Plaintiff’s complaint states a cause of action against defendant Hertz based upon Hertz’ alleged negligence. The possibility that Staton or Yurisic, or both of them, may also have been negligent does not make either of them an indispensable party herein. Kerr v. Compagnie de Ultramar, 250 F.2d 860, 863 (2d Cir. 1957); Sternaman v. Macloskie, 37 F.R.D. 316, 318 (E.D. S.C.1965). “Acts of tort feasors [such as Staton and Yurisic may be if the negligence of each of them was the proximate cause of any of the damages alleged in this case] are joint and several. Either of them can be sued separately.” United States v.

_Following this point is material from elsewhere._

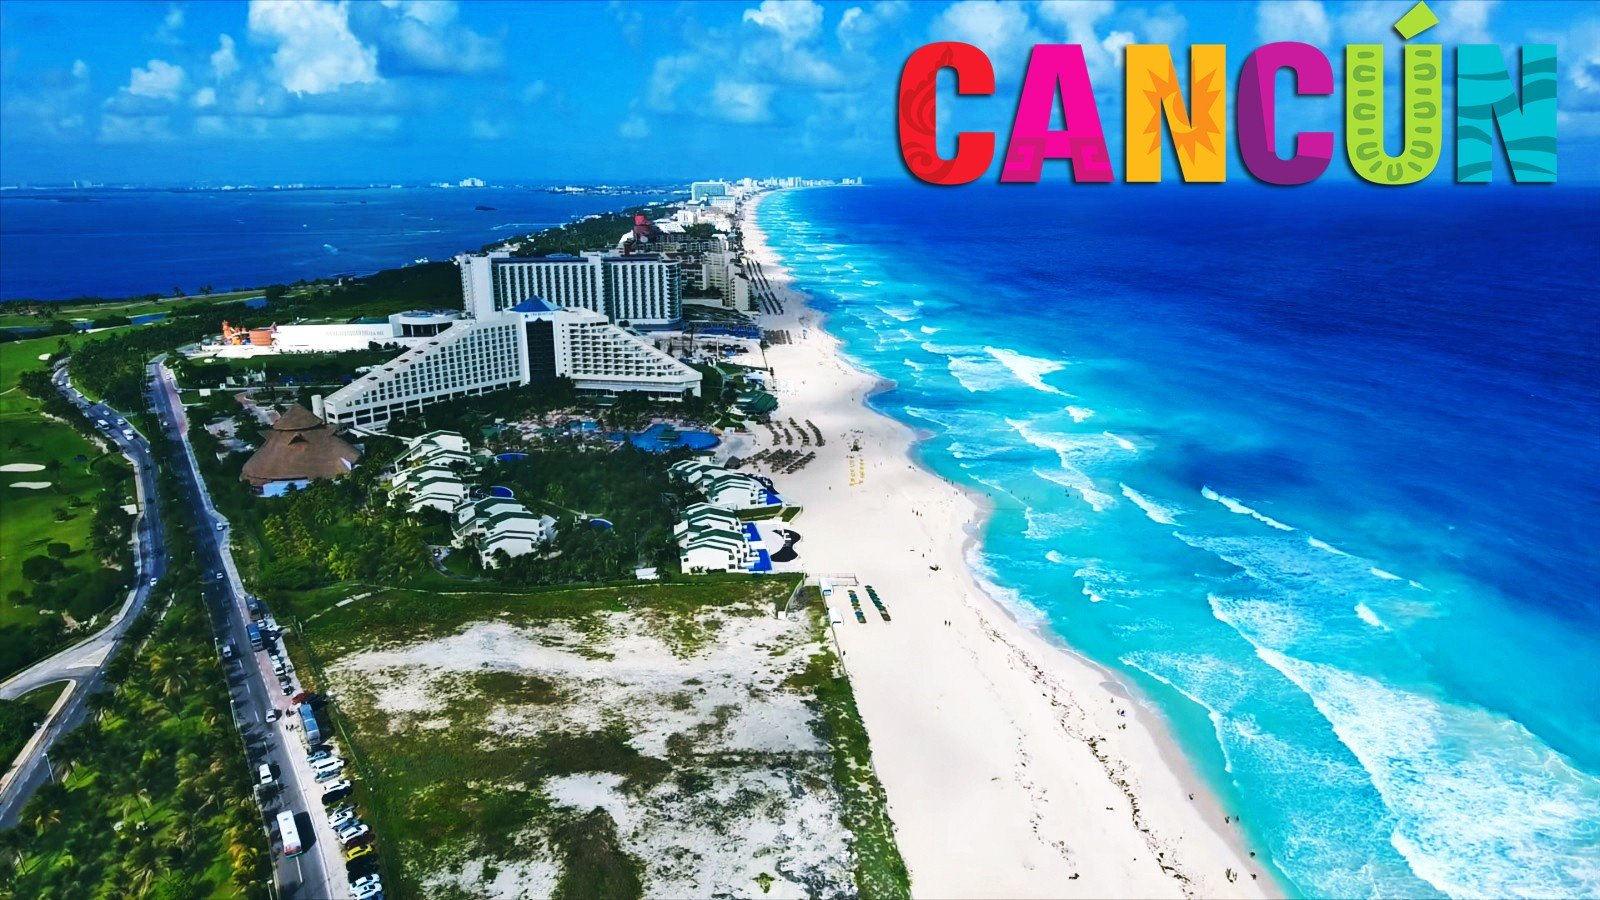 Wallpaper Hd De Cancun

Goodman, 287 F.2d 871, 873 (5th Cir. 1961).
No opinion is expressed as to whether Staton or Yurisic might be joined in this action, upon a proper motion and showing, under either Federal Civil Rule 14, relating to third-party practice, or under Rule 19 of the Federal Civil Rules. In any event, this action cannot be dismissed under Rule 19(b) unless the joinder of the person or persons involved (here Staton and Yurisic) is not possible because one or both of them is not “subject to service of process” or such joinder will “deprive * * * [this] court of jurisdiction over the subject matter of the action,” neither of which conditions appear to exist in this case. The joinder of Staton or Yurisic, or both of them, herein, if such should be deemed appropriate by this Court at any stage of this proceeding, would seemingly not deprive this Court of jurisdiction. Also, both Staton and Yurisic would appear to be subject to service of process.

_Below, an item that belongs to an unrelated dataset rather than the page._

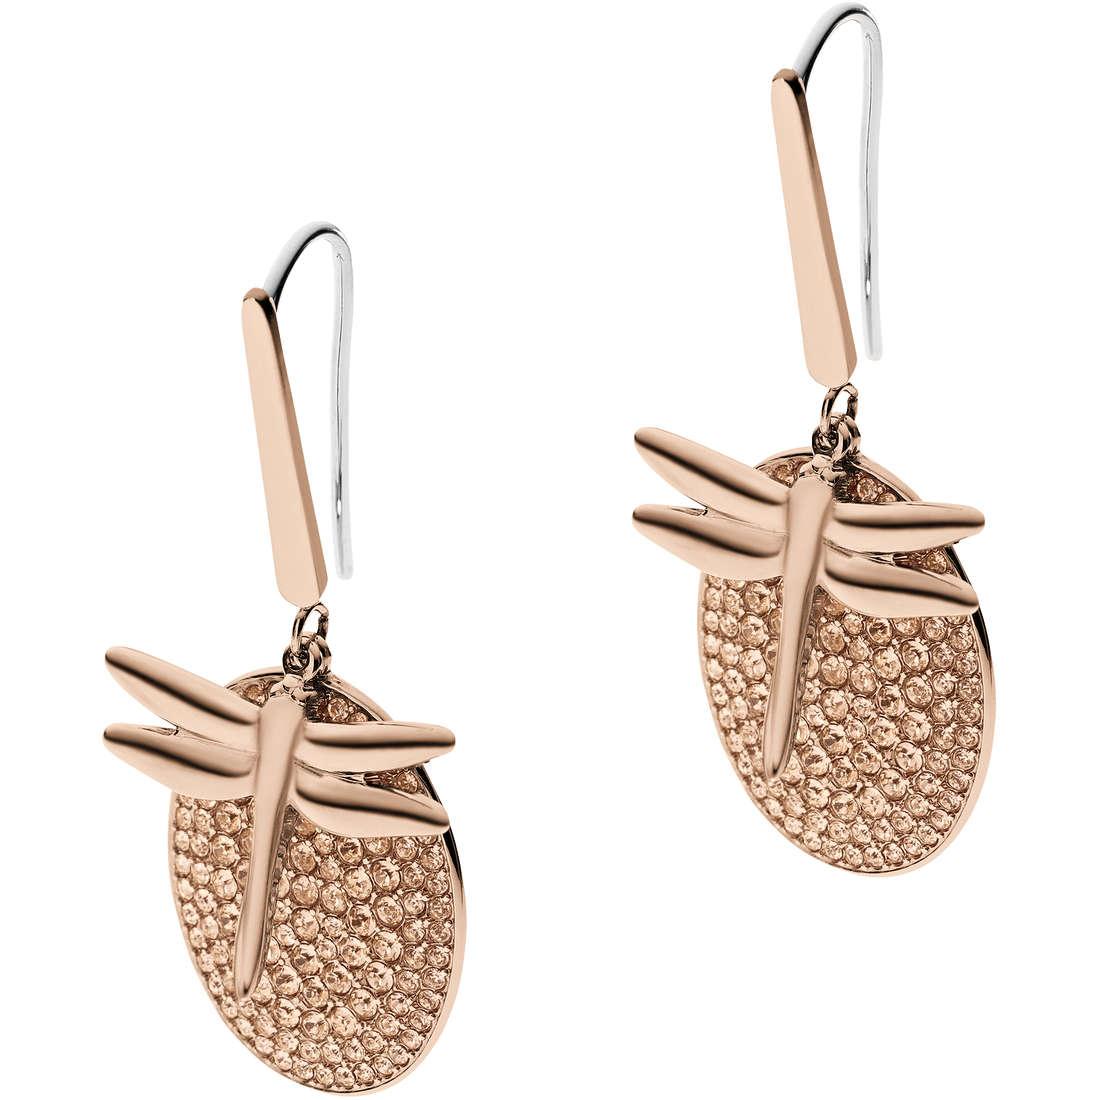 boucles d'oreille femme bijoux Emporio Armani Fall 2013 EGS1784221

Rule 4(f) of the Federal Rules of Civil Procedure provides:
All process other than a subpoena may be served anywhere within the territorial limits of the state in which the district court is held, * * *. In addition, persons who are brought in as parties pursuant to Rule 14,
or as additional parties to a pending action or a counterclaim or cross-claim therein pursuant to Rule 19, may be served in the manner stated in paragraphs (l)-(6) of subdivision (d) of this rule
at all places outside the state * * * that are not more than 100 miles from the place in which the action is commenced, * * *.
If, as defendant Hertz maintains, Staton and Yurisic reside respectively in Arlington and Falls Church, Virginia, both of which are not more than 100 miles from Baltimore, Maryland, defendant would not be entitled to dismissal of this action pursuant to Rule 19(b), even if Staton or Yurisic, or both of them, were (which neither is) an indispensable party under Rule 19.
See 2
J. Moore, Federal Practice 4.42 [2], at 1293.39 (2d ed. 1966); 3 J. Moore, Federal Practice 149-150 (Supp.1966).

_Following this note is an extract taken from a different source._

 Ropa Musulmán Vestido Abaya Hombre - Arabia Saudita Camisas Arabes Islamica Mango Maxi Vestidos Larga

Defendant has urged, in the alternative, that this action be transferred to an appropriate federal court in Virginia, pursuant to 28 U.S.C. § 1404(a) providing that, “[f]or the convenience of parties and witnesses, in the interest of justice, a district court may transfer any civil action to any other district or division where it might have been brought.”
The burden of establishing that an action should be transferred rests heavily on the moving party. Development Co. of America v. Insurance Co. of North America, 249 F.Supp. 117 (D.Md.1966). In ruling on defendant’s request for a change of venue, the plaintiff’s choice of venue should not be lightly disturbed. See Akers v. Norfolk & Western Ry. Co., 4th Cir., 378 F.2d 78, May 5, 1967; 1 J. Moore, Federal Practice ff 0.145 [5], at 1777-78 and N. 5 (2d ed. 1964). While Staton and Yurisic are residents of Virginia and the rental contract was executed in Virginia, those circumstances do not warrant a transfer to Virginia, under the facts of this case, in which a Maryland widow and her children are the true parties plaintiff and the accident occurred in a third state, West Virginia.
Plaintiff is given fifteen (15) days to amend the
ad damnum
clauses of the complaint in accordance with this opinion. Thereafter, the Court will sign an appropriate order denying defendant’s motion to dismiss except that the Court will grant the motion to dismiss with regard to (1) the claims on behalf of the stepsons, and (2) the allegations of breach of an implied warranty, for the reasons hereinabove set forth. Defendant is directed to prepare an appropriate order.